VMware HA isolation caveats
Updated to reflect Duncan’s comments below…
VMware HA Clusters that have hosts spanning sites or where more than one node can be isolated from the other nodes, may not trigger an HA isolation event when nodes still receive a heartbeat from at leastone only node in the same Cluster.
Primaries nodes send heartbeats to primaries and secondaries, secondary nodes send heartbeats only to primaries. (quote from Duncan’s HA Deepdive book)
An isolation response will only be triggered if and when the following two requirements are met:
– Heartbeats have not been received from ANY host in the cluster, whether primary or secondary
– The Isolation Address cannot be pinged
Only in this case will a Host (primary or secondary node is irrelevant) trigger the isolation response.
When hosts are split like this, they do not attempt to make contact with the isolation address and do not shut down or power off VM’s, as they aren’t isolated.
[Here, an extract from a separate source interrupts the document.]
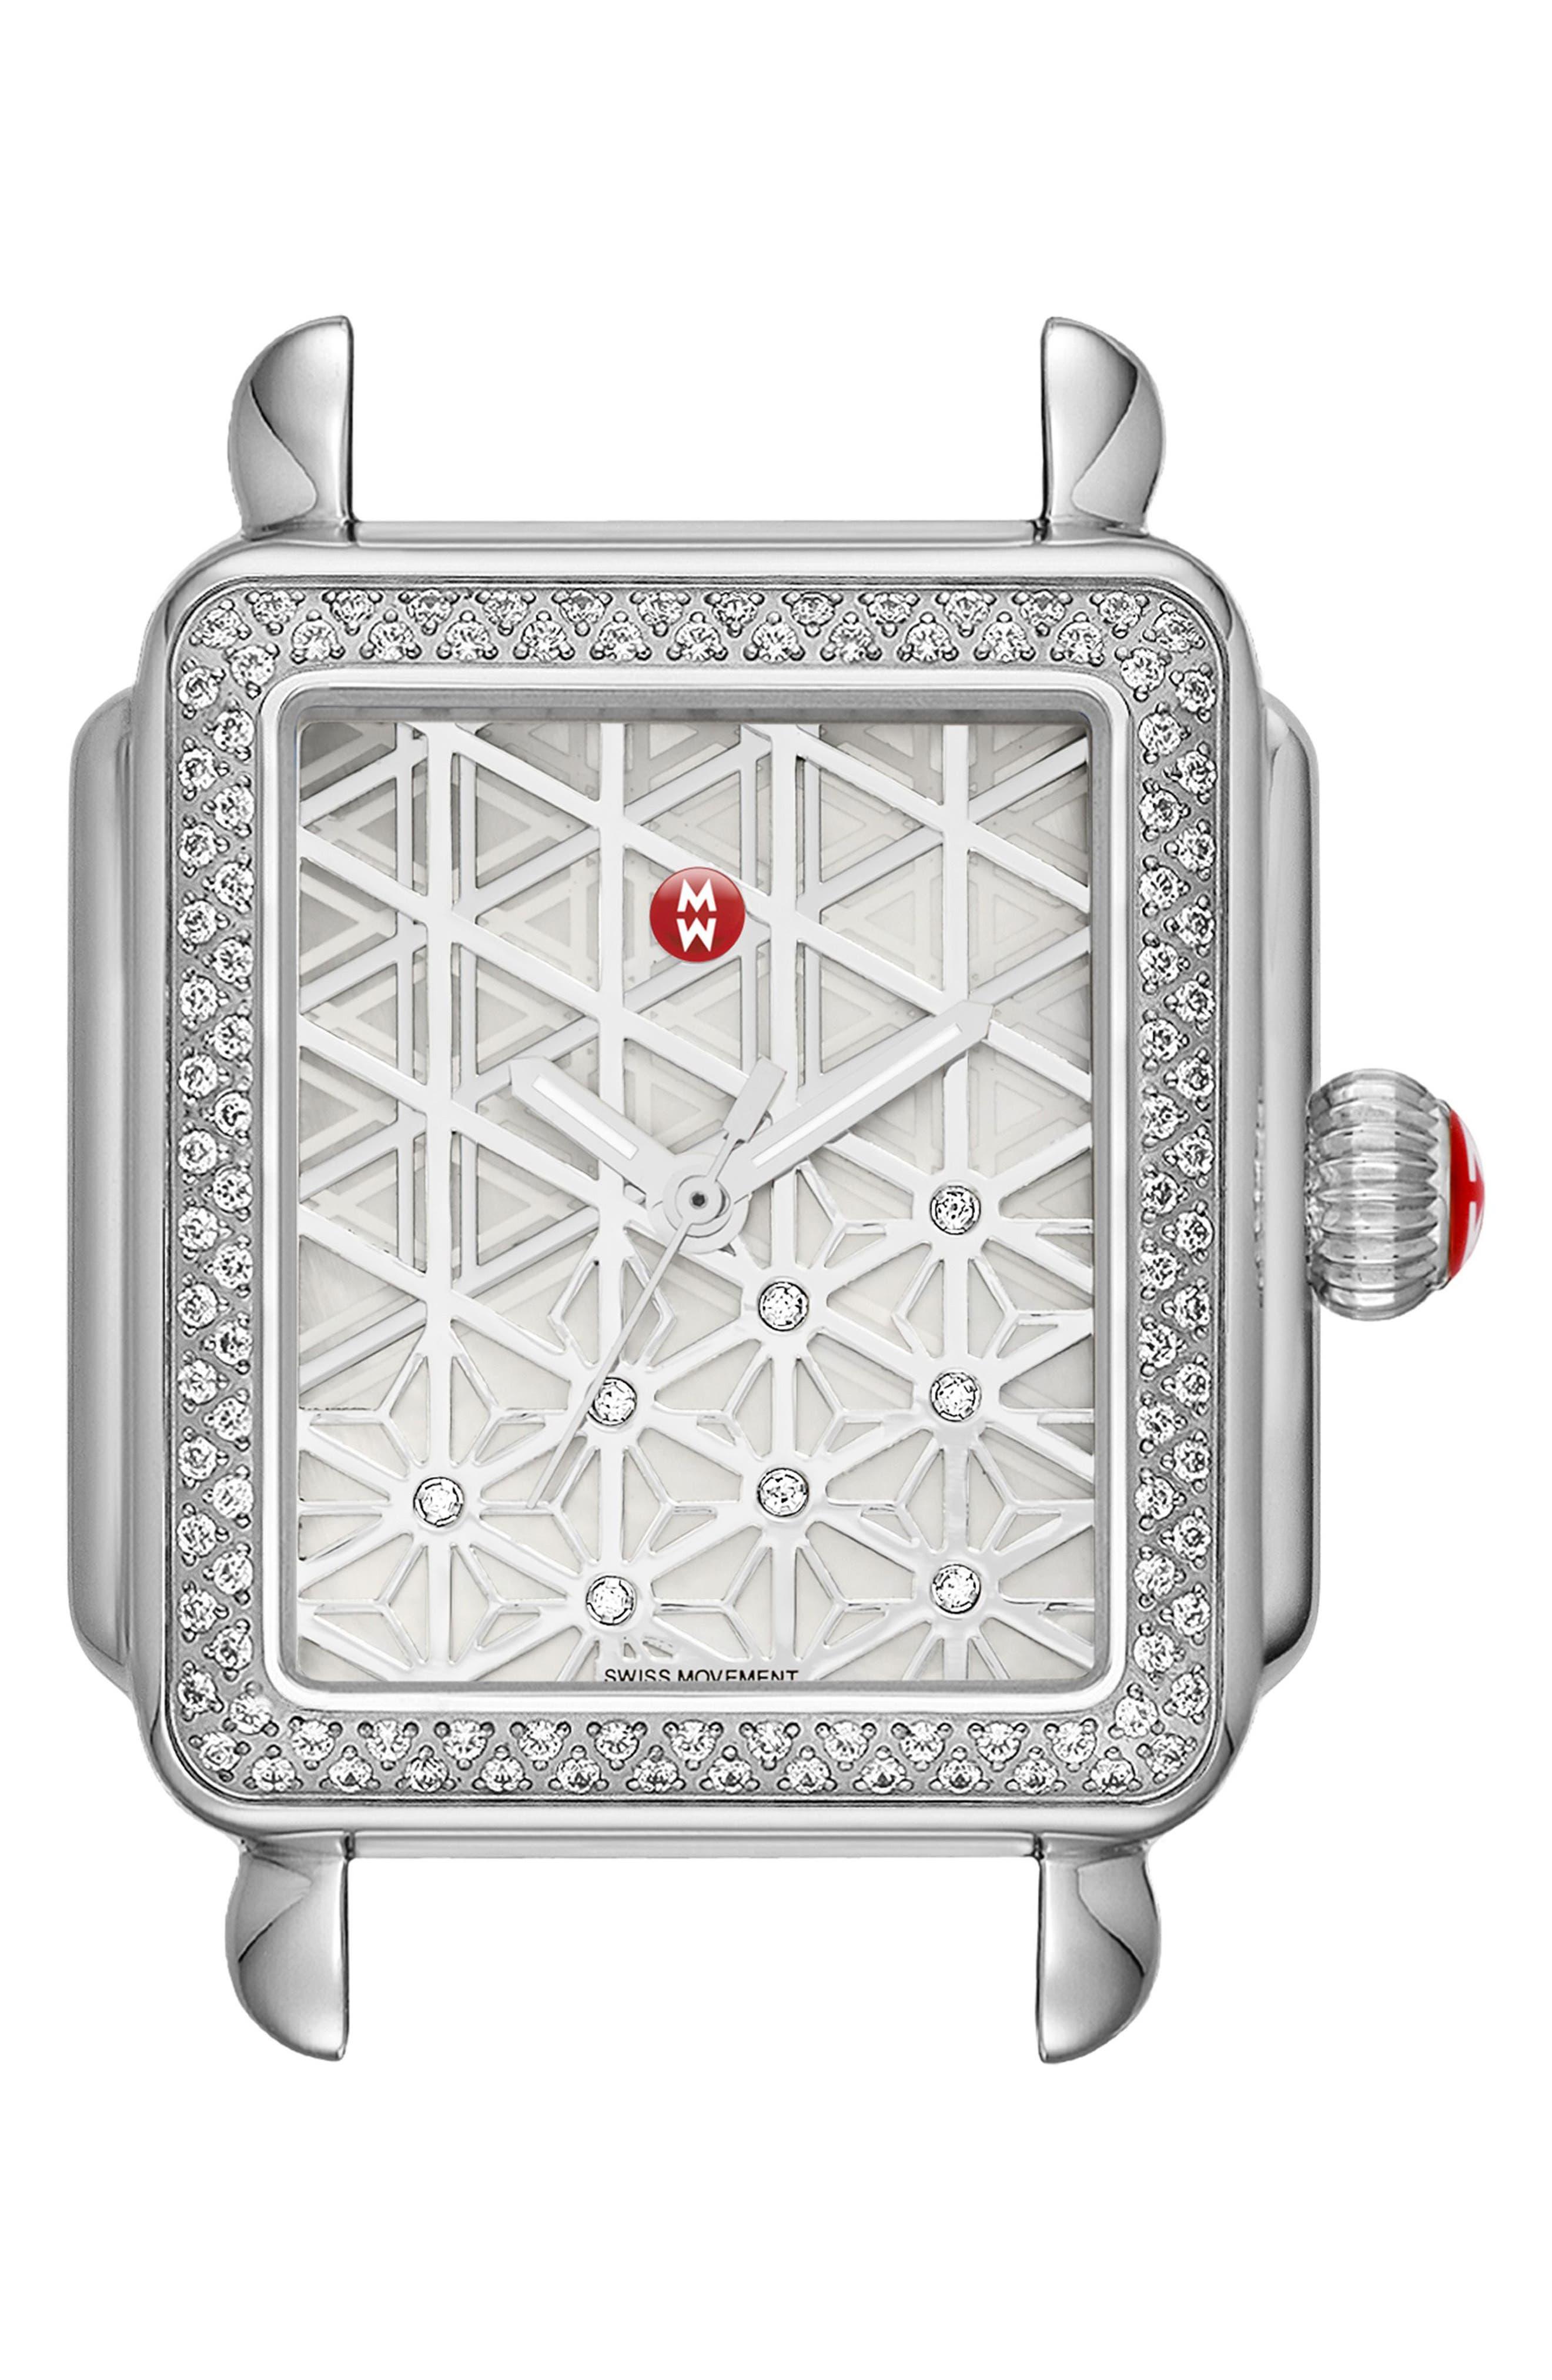 Main Image - MICHELE Deco Diamond Diamond Dial Watch Case, 33mm x 35mm

The Failover Coordinator, a randomly selected Primary node will attempt to power on the VM’s but this will fail as the files will be locked as those VM’s will still be running on the other Hosts split from the Failover Coordinator.
Therefore it’s better for ESX Clusters not to span sites to avoid this issue occurring.
Thanks to Michael Francis and Duncan Epping in confirming this information for me.